Logstash logs :sql_last_value in local timezone, making fresh db records lookup unfeasible

Hello!

My goal is to set up continuous data migration from MySQL to Elasticsearch.

I've got stuck with :sql_last_value.
Logstash logs it in local timezone, so next time it queries db, :sql_last_value value is wrong.

My local timezone is (CEST, +02:00).

So if the last received datetime field from db was like 2018-07-20T00:57:34.000Z, next query to db will be for :sql_last_value = 2018-07-20 02:57:34 and it won't get any of recently updated records.

How can this be solved?

Thanks.

My logstash.conf:

input {
  jdbc { 
    jdbc_driver_library => "/local/path/mysql-connector-java-8.0.11.jar"
    jdbc_driver_class => "com.mysql.jdbc.Driver"
    jdbc_connection_string => "jdbc:mysql://localhost:3306/db"
    jdbc_user => "root"
    jdbc_password => ""
    schedule => "* * * * *"
    statement => "SELECT * FROM table WHERE updatedAt > :sql_last_value ORDER BY updatedAt"
    use_column_value => true
    tracking_column => "updatedat"
    tracking_column_type => "timestamp"
    }
  }
output {
  stdout { codec => json_lines }
  elasticsearch {
  "hosts" => "localhost:9200"
  "index" => "test-migrate"
  "document_type" => "data"
  "document_id" => "%{id}"
  }
}
1 Like

sql_last_value is always shifted to local timezone in .logstash_jdbc_last_run, so in next db query :sql_last_value doesn't match actual db datetime records.

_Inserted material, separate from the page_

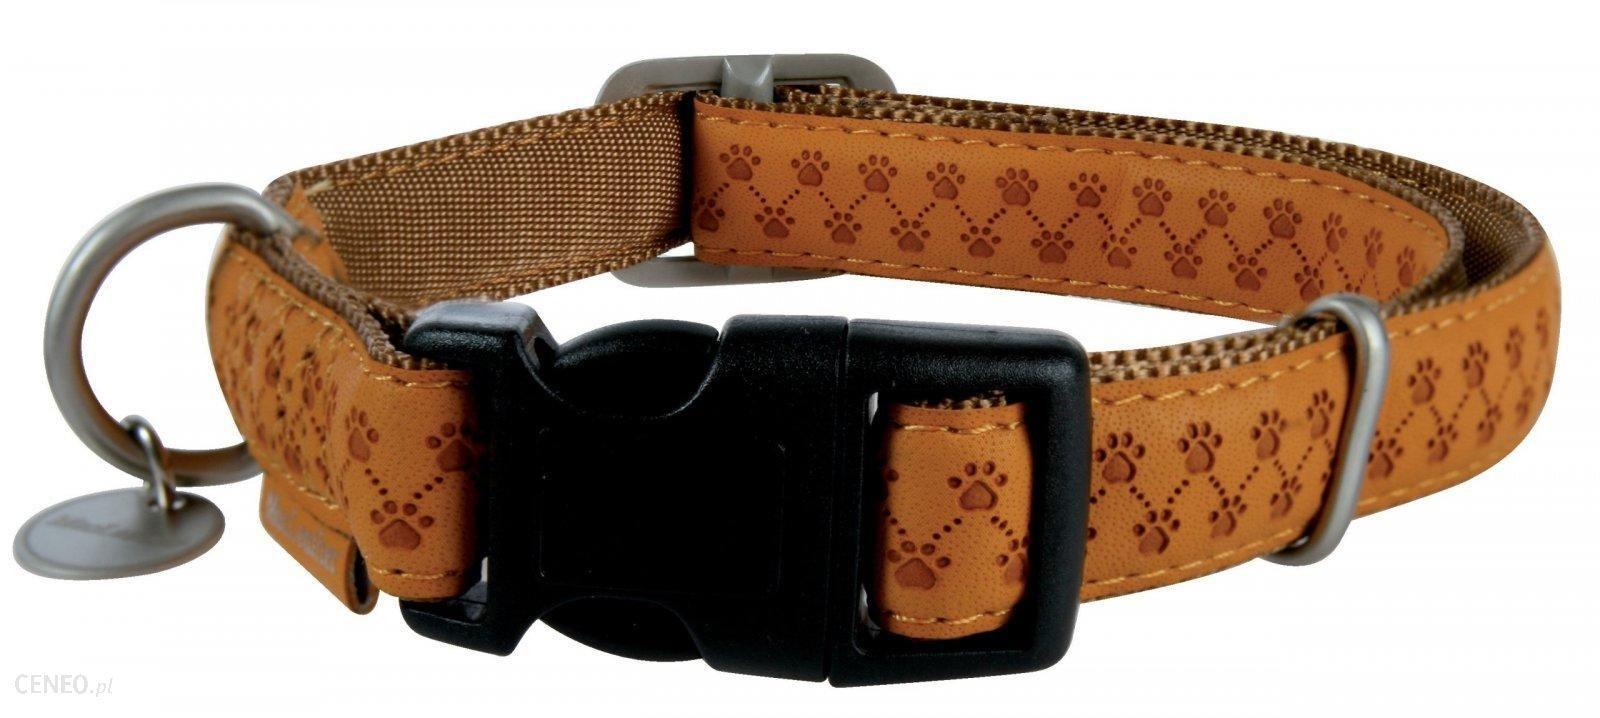 Zolux Mac Leather obroża 25mm karmel

The only way I found to make scheduled incremental updates working is to set my local timezone to +00:00.

But it's not an appropriate solution though.

Does the jdbc_default_timezone option help you?

Nope, it converts fetched dates into given timezone.

But I need to have the real last fetched timestamp value in my query to db in order to make incremental updates working.

Wonder how is this supposed to work, if it changes sql_last_value to local timezone between queries!

But since the configuration file is written in Ruby, maybe I can manually recover the sql_last_value value before querying db?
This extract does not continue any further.